The landscape is unique among subject matter — in its grandeur, its complexity, and its color dynamics. The landscape painter is continually challenged to find ways of translating these qualities into a convincing representation of space and light.

A landscape painter conjures this magic with the same spells all artists use—form, value, color, space, composition, and the paint itself. But nature doesn’t reveal its secrets so easily. Because nature is more extreme in its expansiveness, its complexity, and its light, landscapists must go a little further and look a little deeper to find what they’re looking for.

If I wanted to begin painting the human figure, I would need to start learning genre-specific knowledge … anatomy, proportions of the human form, and certainly how light, shade and color act upon the skin. Similarly, the landscape painter is posed with a unique set of challenges that demand a genre-specific approach.

In all the years I have been studying the landscape, the most encompassing challenge has been the ability to simplify and translate.

Simplification and translation

Any good landscape painting I’ve ever done was also simple. Whether it was a plein air sketch that took 30 minutes or a large studio painting that took months, I had to find a way to translate the vast amount of color and detail into a coherent statement that made sense not only to me, but to the viewer. As we’ll see again and again, this is never a matter of copying nature. It’s a process of seeing the world through painter’s eyes, a process of translation and distillation.

Landscape painters, of course, don’t have an exclusive on this process. Still life, figurative or abstract painters also simply. However, because the landscape is so vast and filled with so much information—we’re forced to simplify in bigger and more radical ways.

The language of landscape

Simplification can be likened to a special language designed for describing the landscape. Nature provides us with so much detail, so much color, and so much space that it becomes impossible to capture it all. We can never paint every leaf or blade of grass, or branch within a wooded area. That’s a job best left to the camera. Instead, we must find a way to translate the complex imagery of the landscape into a set of symbols that come to represent the original image. We learn to use smaller sentences and simpler words; perhaps even create new words to take the place of ten others.

A painter continually searches for the lowest common denominator — the single “word” or brush stroke that will convey the meaning in the most economical fashion. The set of symbols or marks the painter chooses can never be the actual landscape, but they can communicate the same thing and serve as an analogy to the impression.
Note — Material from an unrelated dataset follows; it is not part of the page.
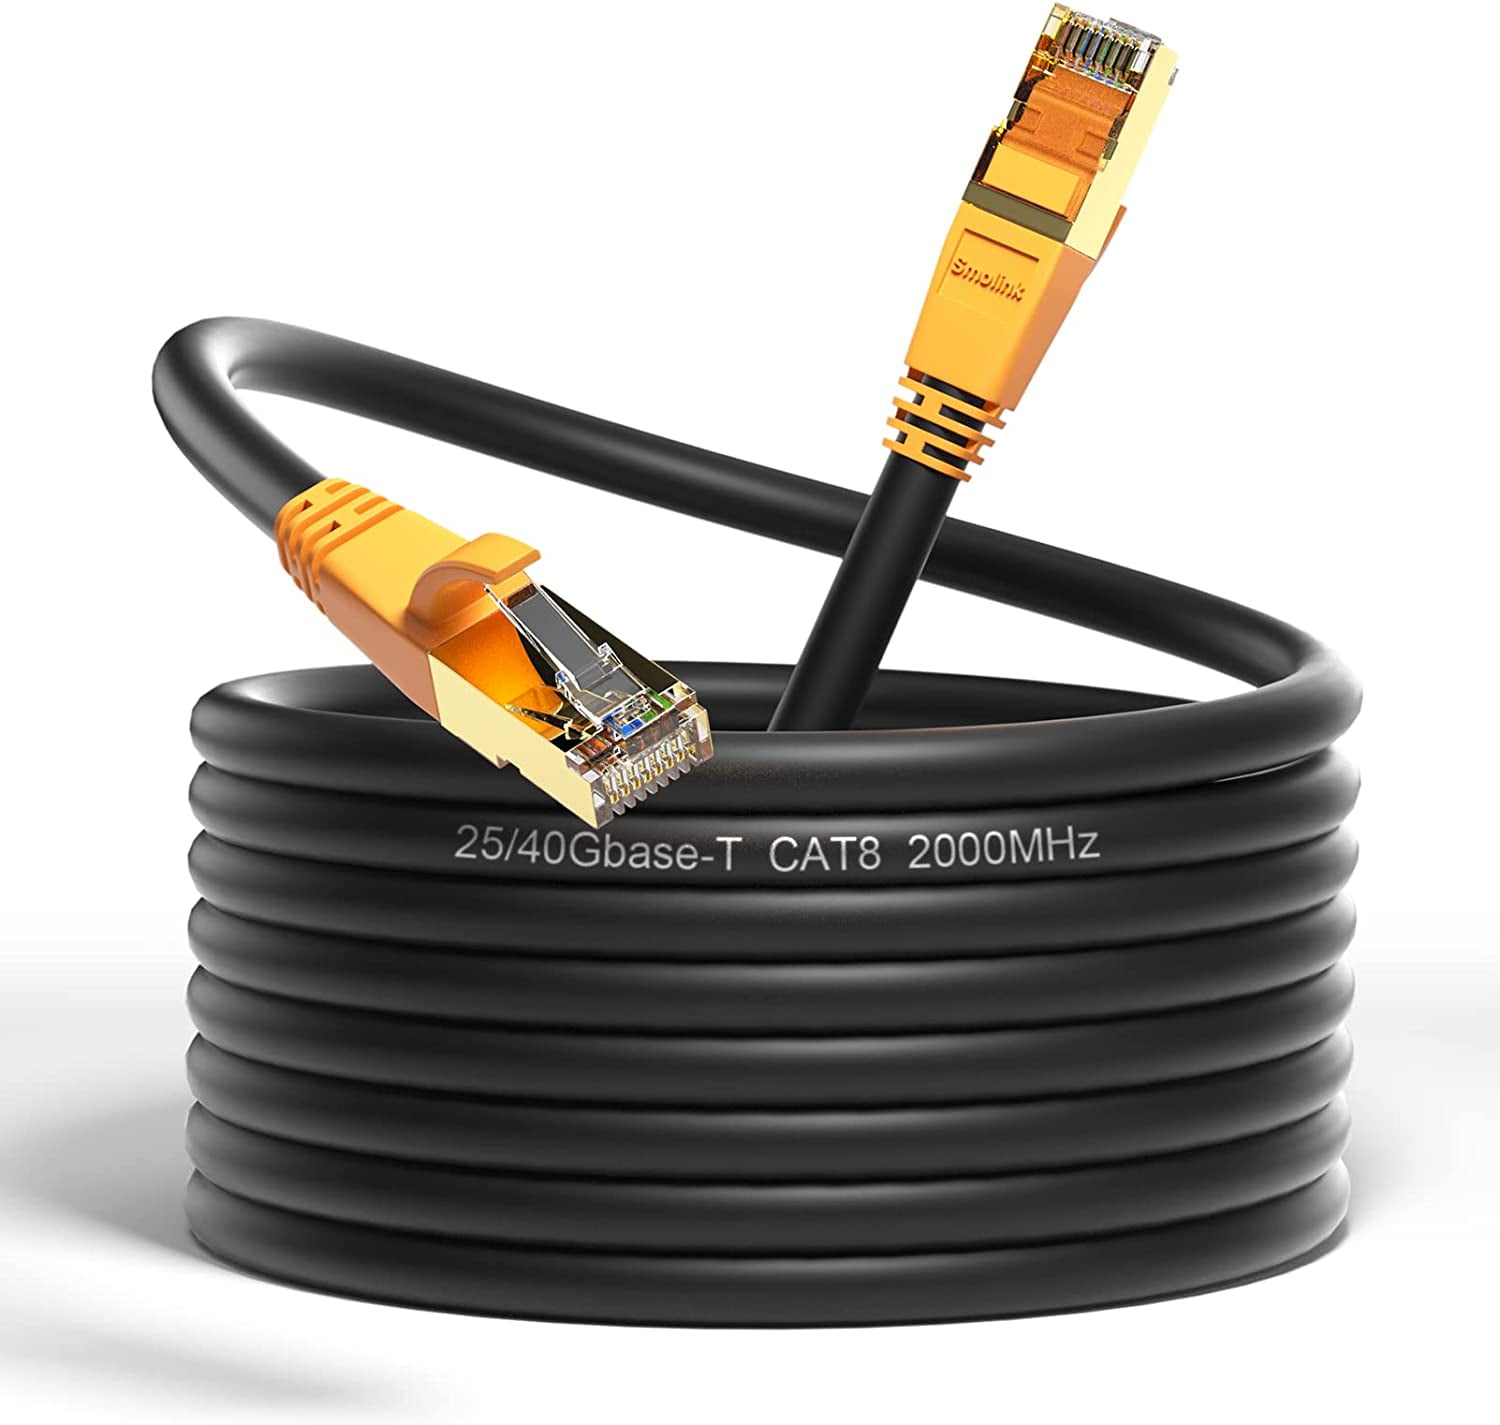 10ft Cat 8 Ethernet Cable - High-Speed 40Gbps LAN Cable for Router, Modem,  Gaming, Xbox, PS4, PS5 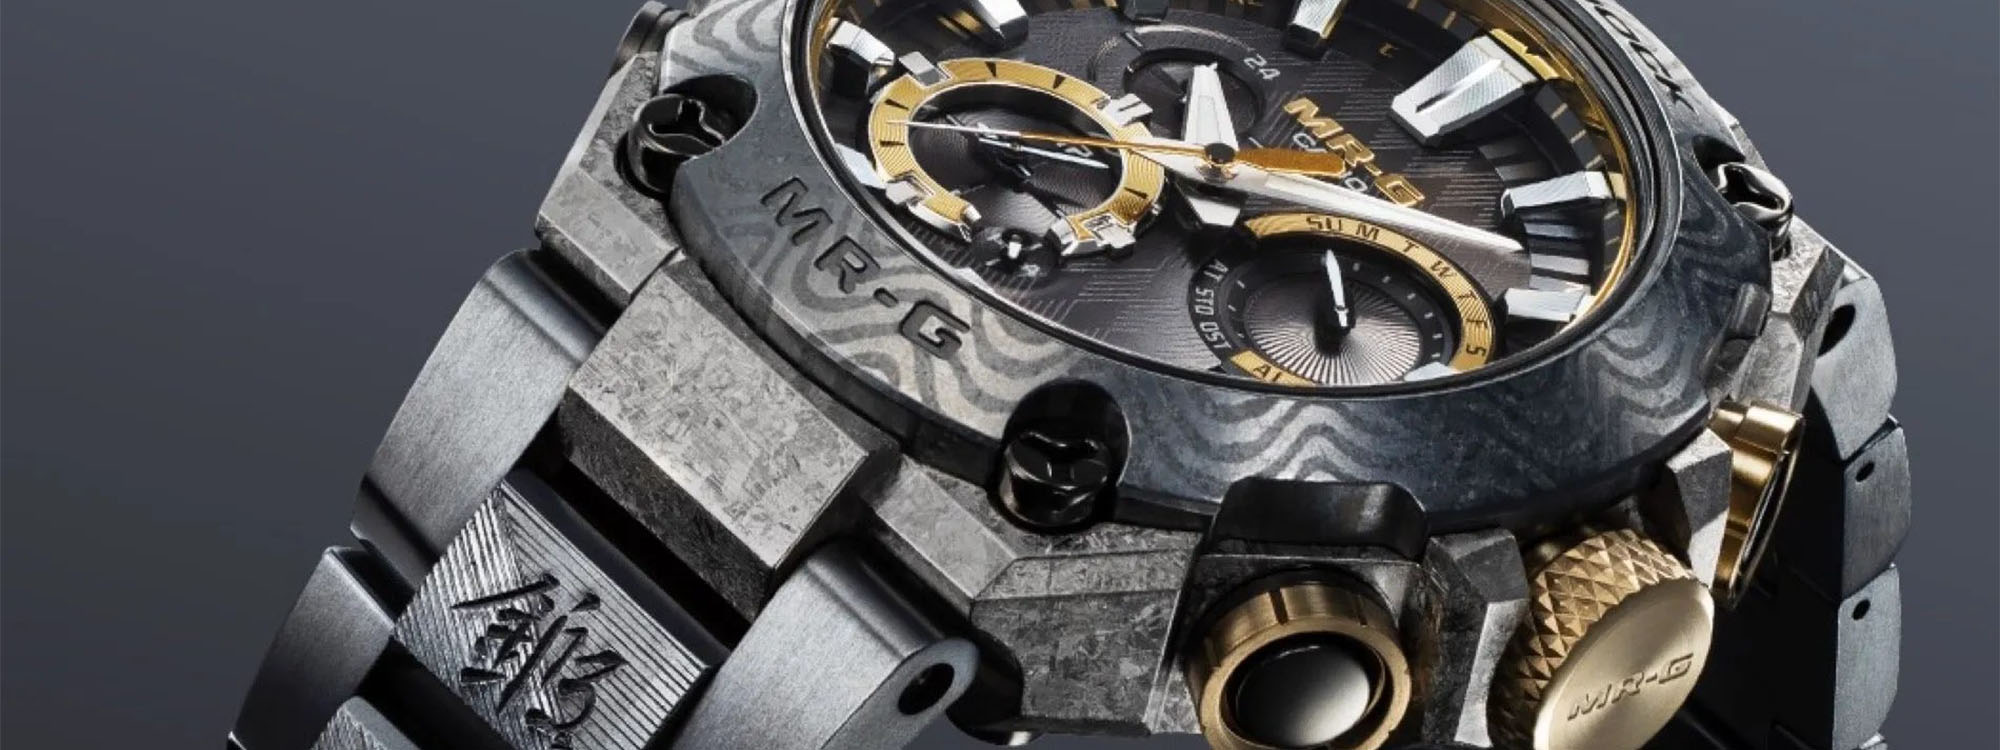 Counting Down the 5 Most Expensive G-Shock Watches

Evolving toward simplification

Learning how to simplify, however, is not a simple thing. Nor is it something the beginner or novice does naturally. It is a difficult process that evolves only through conscious observation and practice.
There is a natural tendency, particularly in early training, to be impressed with realism and detail. Learning how to accurately draw what we see fills us with a real sense of accomplishment. Eventually, the student arrives at a point where he or she can draw precisely, where accuracy is no longer a problem. This the beginning.

Although essential, the ability to reproduce realistically or with detail is just the first level of a painting. The objects, or the things we name within a painting, are ultimately vehicles for the aesthetics that truly guide the structure of the picture—shape, color, value, form and line.

This isn’t to say that detail should be shunned. When appropriately placed and used in the right amounts, it can be an essential ingredient to a painting. The problem arises when detail is treated as the primary goal, the be all and end all, without an appreciation of the underlying aesthetics. When detail and realism are employed they must always remain subordinate to overall design, massing, and composition.